Sighisoara main square
The main square “post race” beer area in Sighisoara

Sighisoara beer
The local beer, Ursus, is rather good!

Post-Race & Sighisoara

  • Finish line & goodie bag – The race finish goes through the centre of the old town, through the main square (where you’ll get cheers and beers from those who’ve already finished!), up the infamous wooden stairs, and then the road winds upwards again at the top of the stairs, finishing at the very top of the hill. This year we received a beautiful, hand crafted ceramic finishers medal, embroidered teeshirt, and a canvas tote bag. There was water at the finish, but most of us just went back down the hill and had a beer in the piazza cafes instead. We were also given access to a piazaa hotel to have a shower and change, though if accommodation changes in future (see below), you might just check into your hotel afterwards instead.
  • Post race party – The post-race party was in the basement event space of one of the piazza hotels, and really was just a sit down, two course meal. Drinks were extra, and there wasn’t any music or entertainment. It was also very casual, so don’t bother packing nice clothes or dancing shoes or anything! It was really just a great opportunity to chat to the other runners and find out how their races went! There was nothing formally organised for Sunday morning so say your goodbyes at the party unless you make specific plans to meet up the next day.
  • Sighisoara accomodation – I won’t go into the details here as I’ve already contacted the organisers, but our included accommodation was extremely disappointing. I’m told that they’ve learned from this and that it may not be included in future anyway – just know that there are loads of reasonably priced hotels in Sighisoara, so if a good bed and hot shower matter to you, just book your own room for the night.
  • Sighisoara sights/amenities – Sighisoara is a decent sized town with a roaring tourist trade so all the amenities are there – cash points, grocery stores, bars, restaurants, tacky souvenir shops, the works. The main attractions are the citadel/church at the top of the hill, which has some interesting frescos and crypt, and the clock tower, which includes an extensive museum and views from the top. Both had entrance fees, but I can’t recall what they were. There’s also “the room where Dracula was born!” but Tripadvisor said this was tacky so I didn’t bother…
  • Flights & transfers – The pickup point for transfers back to the airports was from a restaurant just off the main square – very easy to find. Make absolutely sure you don’t miss the transfer time, though, as it was everyone’s responsibility to be there. If you’re flying back out of Targu Mures airport, use up your local currency before going through security, as the two shops on the other side of security/passport control only take Euros. But really, buy any snacks or souvenirs before you leave Sighisoara because the airport selection was really dire.

View of Sighisoara
View from the clock tower in Sighisoara

Things I wish I’d done: had my husband fly in to Targu Mures after the race and spent another week driving around the Transylvanian countryside! Several others thought to do this and I was so jealous!

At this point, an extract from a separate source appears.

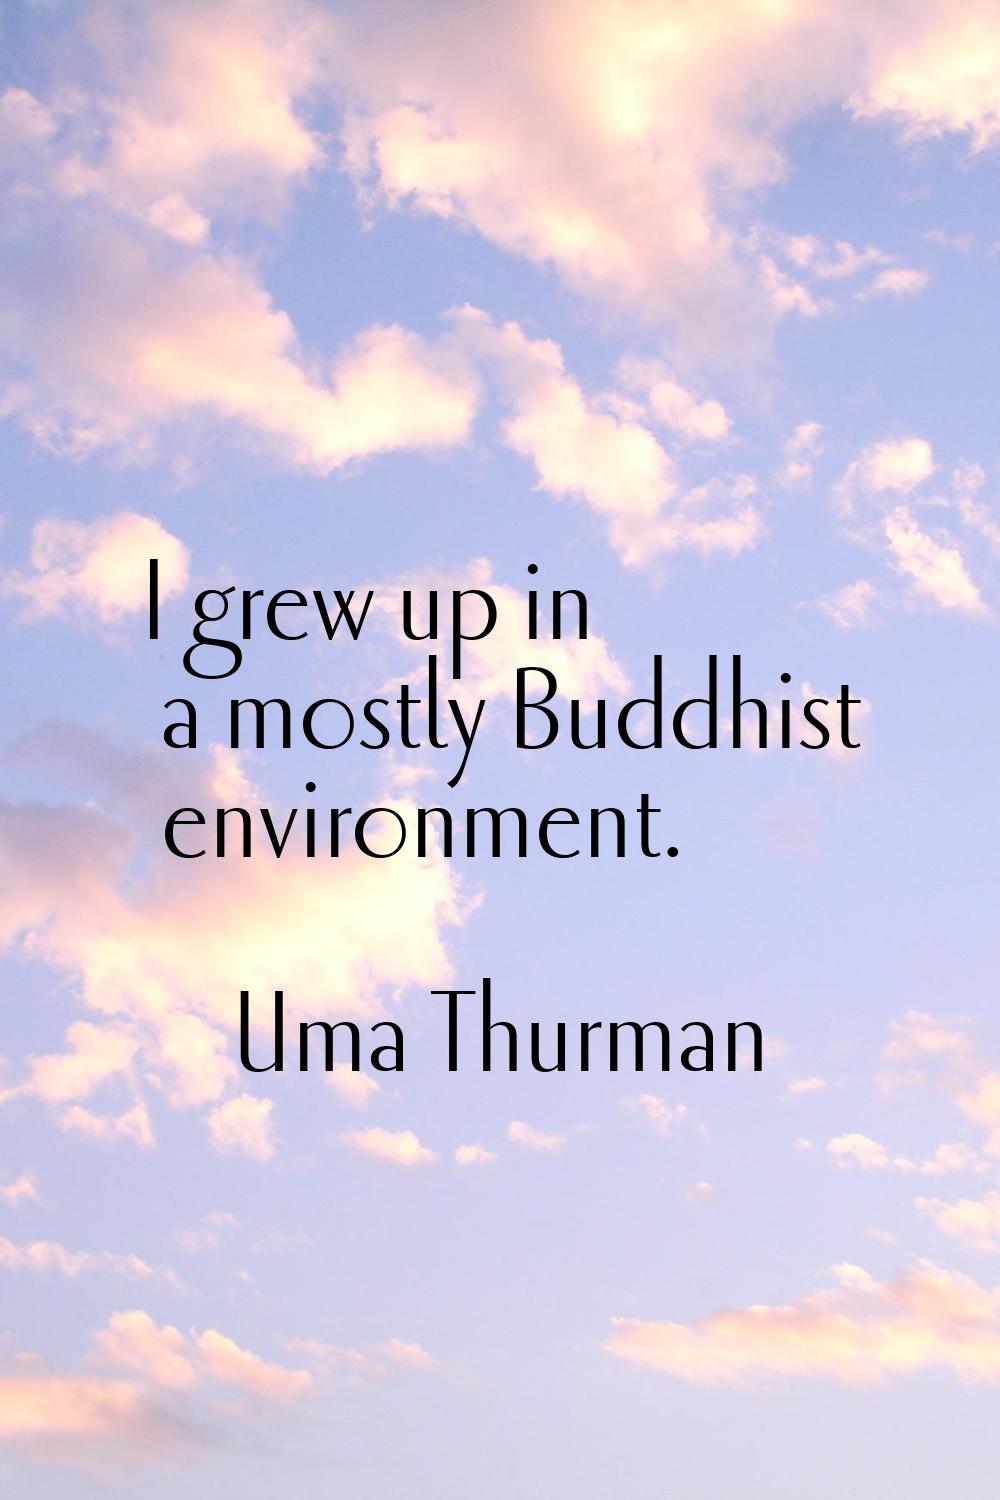 I grew up in a mostly Buddhist environment.

I should also point out that there’s a mountain biking trip through the same area in Transylvania, run by the European Nature Trust (who are the charity partner for the Bear Race and are really lovely people!). One of the five days is the exact route of the Bear Race marathon, and I can attest that the trail is perfectly suited for cycling!

If you’ve got any other questions about something I’ve not covered here, feel free to leave me a comment below, but as time goes on my memory might get a bit hazy!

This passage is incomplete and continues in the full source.